Hydrogenation of halonitroaromatics to the corresponding haloamines is a formidable challenge, which has several satisfactory solutions and has been industrialized on a large scale. Comparing with the traditional synthesis routes, the selective hydrogenation of halonitroaromatics to the corresponding haloamines was superior in saving resources, reducing the waste disposal and protecting the environment [54,55,56,57]. However, the hydrogenation of halonitrobenzene was very complex, and the overall reaction mechanism is shown in Scheme 1. The nitro group could be hydrogenated to amine group to produce p-chloroaniline (p-CAN) from the hydrogenation of p-chloronirobenzene (p-CNB). Then, it might be further hydrogenated to aniline (AN) and the chlorine atom might be eliminated in hydrogenation to form nitrobenzene (NB). Furthermore, NB could be hydrogenated to AN. In general, dechlorination could proceed in all reaction steps, especially, after reaching a stoichiometric consumption of hydrogen.

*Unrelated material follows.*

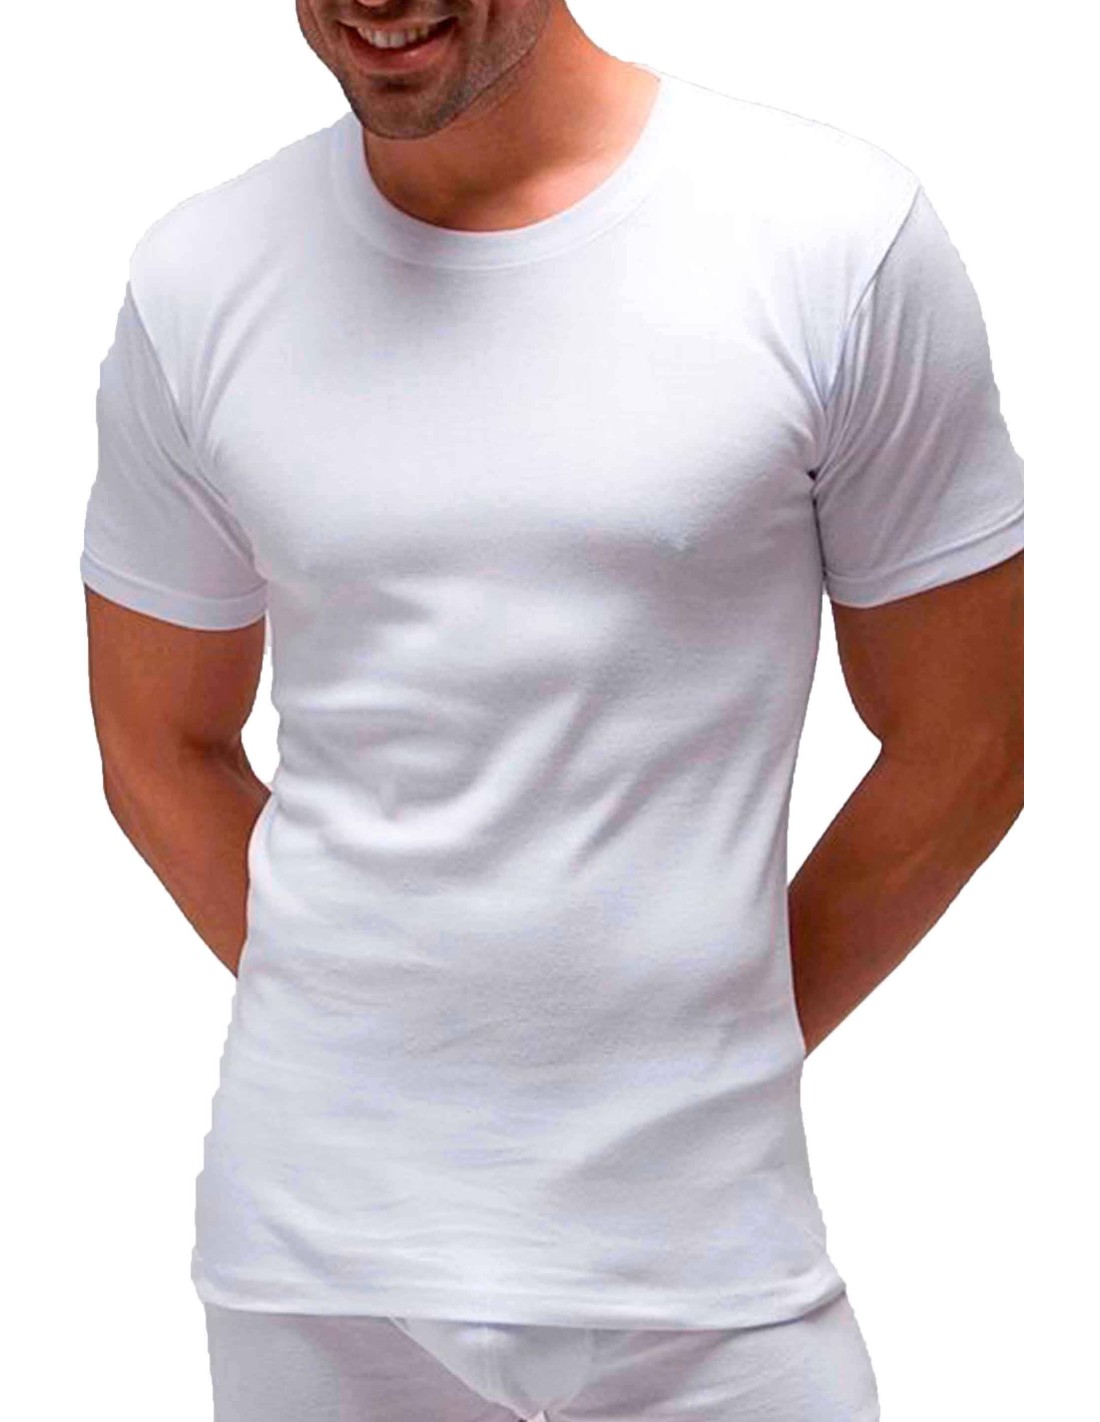 Camiseta Marca PL algodón básica manga corta hombre

Regarding to the mechanism, the metal atoms existing on the surface of catalyst is favorable for the activation of polar N=O bond in –NO2 group, then the dissociated H atoms near the activated N=O bond attacks the N=O bond. Thus, the nitro group is reduced to –NH2 group. The weak interaction among metal, catalyst, and –NH2 will shorten the residence time on the surface of catalysts, so the dehalogenation of C–Cl bond is weakened [56]. It has been reported that the gas phase hydrogenation of p-chloronitrobenzene over Au supported on alumina and titania [31] was 100% selective in terms of –NO2 group reduction to p-chloroaniline over a prolonged (up to 80 h) time on-stream. However, the reaction condition in liquid phase is different from that in gas phase reaction.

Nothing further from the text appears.